The polyimide resin precursor having a repeating unit represented by the general formula (6) may be a resin precursor solution in a state dispersed in an organic solvent. Here, if necessary, a solvent may be added separately from the solvent used during polymerization of the polyimide resin precursor. Such a solvent may be the same as that used in the polymerization of the polyimide resin precursor, or may be another solvent. In general, dimethylacetamide, dimethylformamide, N-methylpyrrolidone, 2-butanone, diglyme, xylene and the like may be used, and one or more of these may be used. In consideration of application to the current collector, the viscosity of the resin precursor solution is preferably in the range of 500 to 10,000 cP, more preferably in the range of 1,000 to 5,000 cP. .

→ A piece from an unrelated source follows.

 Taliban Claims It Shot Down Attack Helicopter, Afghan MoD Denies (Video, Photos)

The resin precursor solution thus obtained is mixed with an active material and other additives used as necessary to obtain a binder composition. The binder composition is applied to the current collector constituting the electrode as described in detail later, and the polyimide resin precursor having the repeating unit of the general formula (6) in the composition is at this stage. It is imidized by a means such as heating to become a polyimide resin having a repeating unit represented by the following general formula (1).

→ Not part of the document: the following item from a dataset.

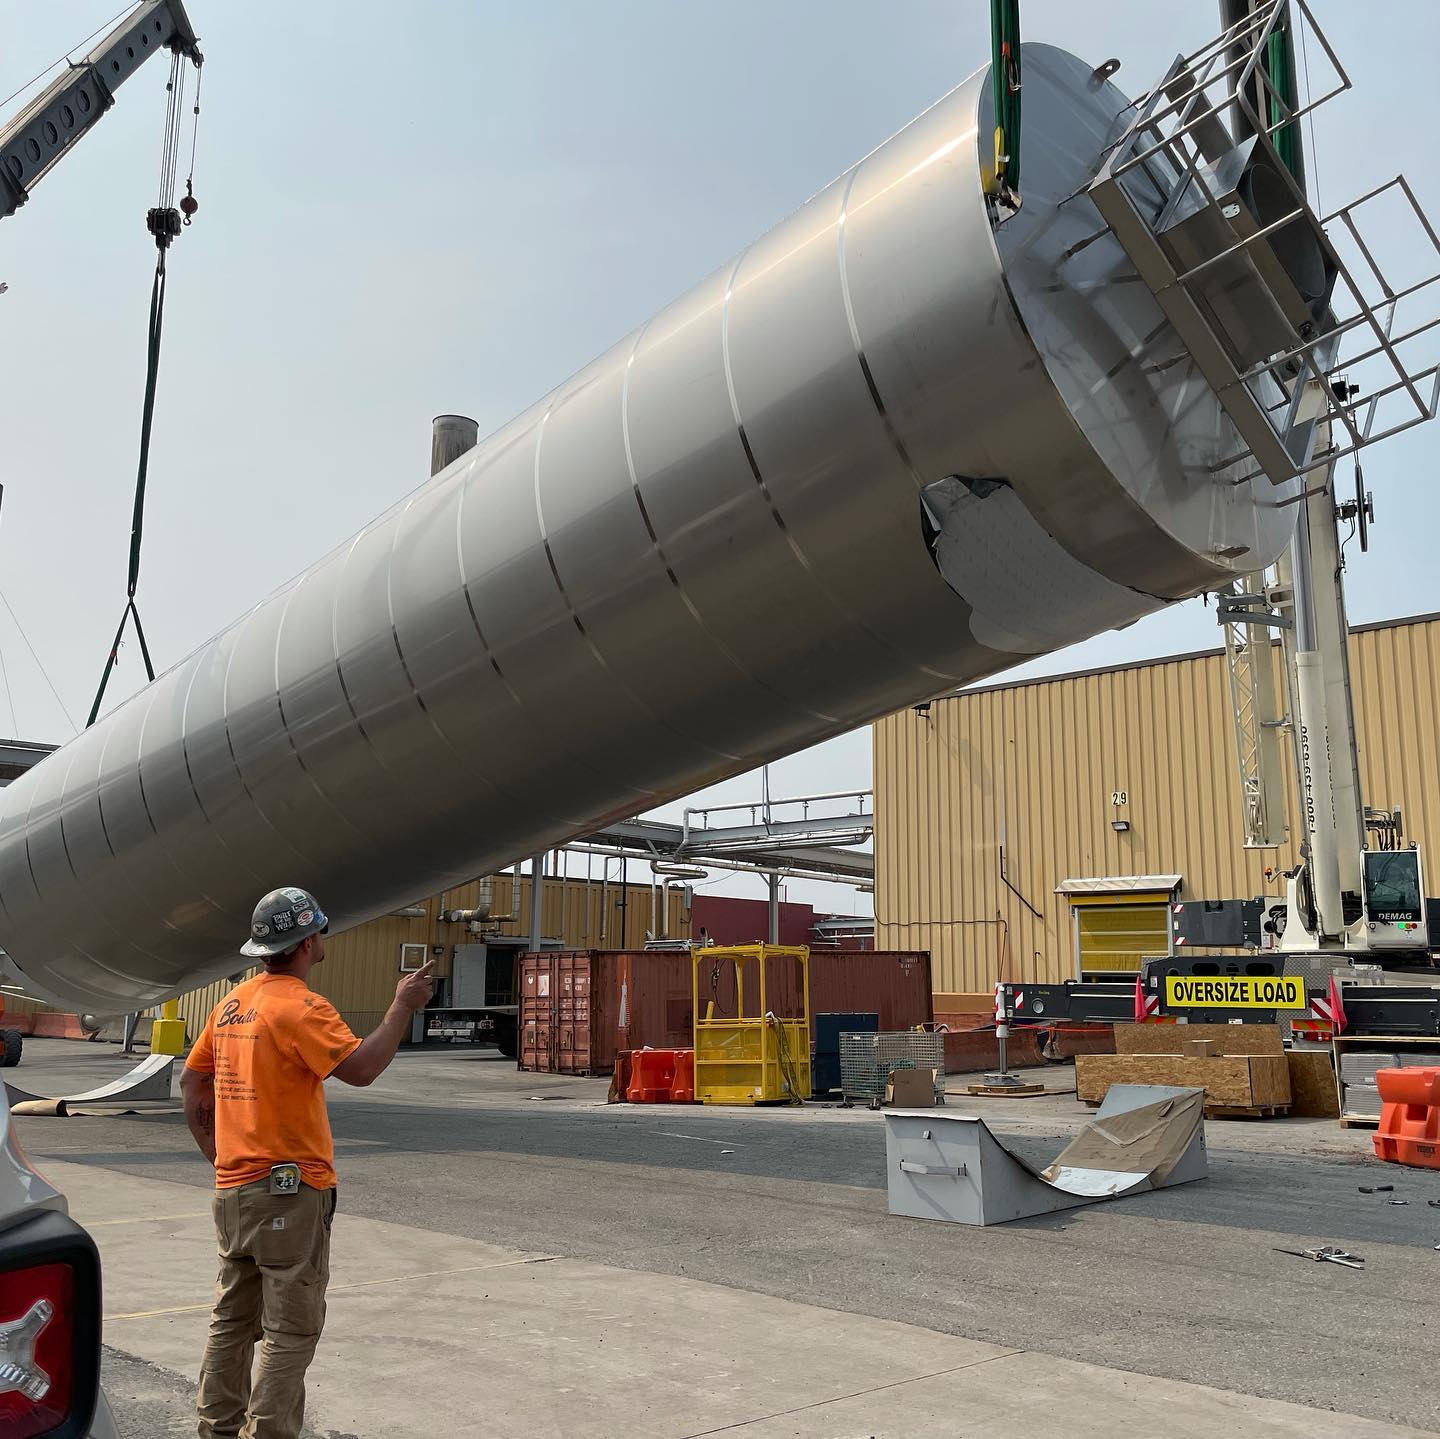 75 ft. long stainless steel tank being installed at the Genesee Brewery

The imidized polyimide resin having the repeating unit of the general formula (1) is obtained by imidizing the polyimide resin precursor represented by the general formula (6), and Ar ₁ and Ar ₂ are represented by the general formula ( This represents the same as 6). That is, Ar ₁ is a divalent aromatic diamine residue having at least two ether bonds. Ar ₂ shown in the general formula (4) is a tetravalent acid dianhydride residue represented by the above formula (2) or formula (3).

When obtaining a polyimide resin having a repeating unit of the general formula (1), the raw material diamine and acid anhydride are polymerized in the presence of a solvent to obtain a polyimide resin precursor, and then heat treated to imidize. When a polyimide resin precursor is used as a binder for an electrode, as described above, a binder composition in which an active material or the like and a polyimide resin precursor are mixed is usually on a current collector. And imidized by heat treatment. Examples of the solvent used for the polymerization include dimethylacetamide, dimethylformamide, N-methylpyrrolidone, 2-butanone, diglyme, xylene and the like, and one or more of these may be used. In addition, the polyimide resin precursor has a weight average molecular weight in the range of 10,000 to 500,000 from the viewpoint of the balance between the binding property / adhesiveness as the binder and the viscosity of the slurry obtained by mixing with the active material. It is preferable to do so.

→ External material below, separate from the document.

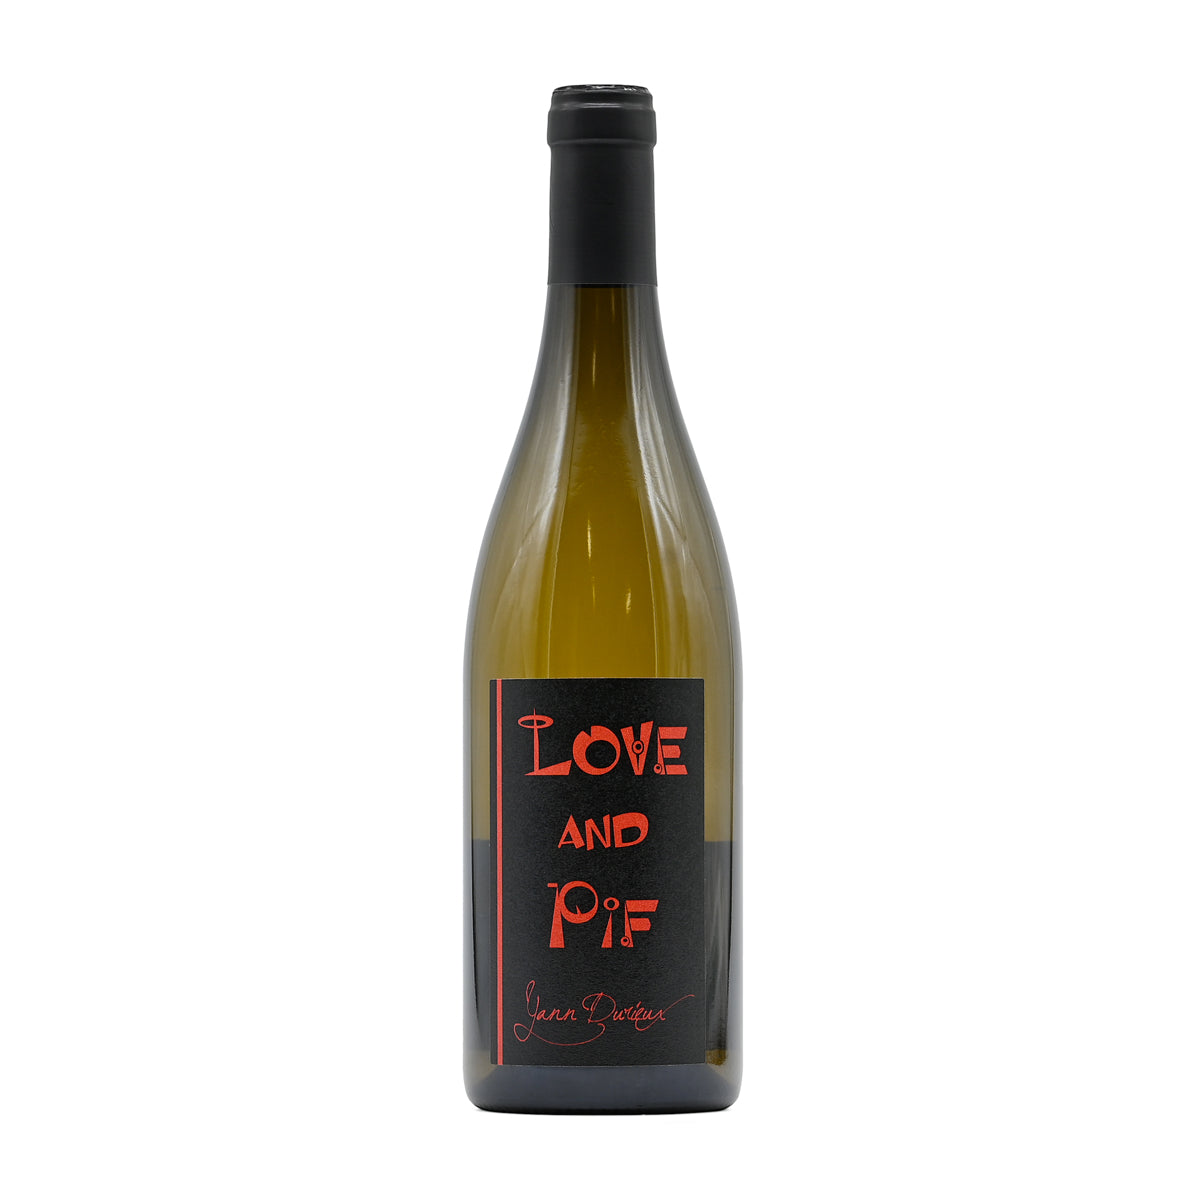 Yann Durieux VDF Love and Pif 2020, 750ml French white wine, made from Aligote; Vin de France, from Recrue Des Sens, Burgundy, France – GDV Fine Wines, Hong Kong

The resin precursor solution of the present invention is mixed with a positive electrode active material or a negative electrode active material depending on the application to form a binder composition. Here, the positive electrode active material and the negative electrode active material are not particularly limited, and representative examples thereof include those described above. As described above, the resin precursor solution containing the polyimide resin precursor is made into a slurry using a predetermined solvent as necessary together with the positive electrode or the negative electrode active material, as exemplified above. The electrode provided with the active material layer can be obtained by applying and drying on the current collector.

In forming the active material layer on the current collector, the positive electrode or negative electrode active material and, if necessary, a conductive aid are mixed with the resin precursor solution to form a slurry, and then extrusion coating, curtain coating, roll The active material layer is formed by applying a uniform thickness to the current collector by a known means such as coating or gravure coating, drying and removing the organic solvent, followed by heating imidization. At this time, from the viewpoint of the balance between the binding property and the discharge capacity, the content ratio of the polyimide resin precursor having the repeating unit of the general formula (6) to the active material is in the range of 0.1 to 10% by mass. It is preferable to make it in the range of 0.3 to 8% by mass. The thickness of the active material layer may be about the same as that for forming a known electrode for a secondary battery, and is not particularly limited, but is generally about 10 to 500 μm.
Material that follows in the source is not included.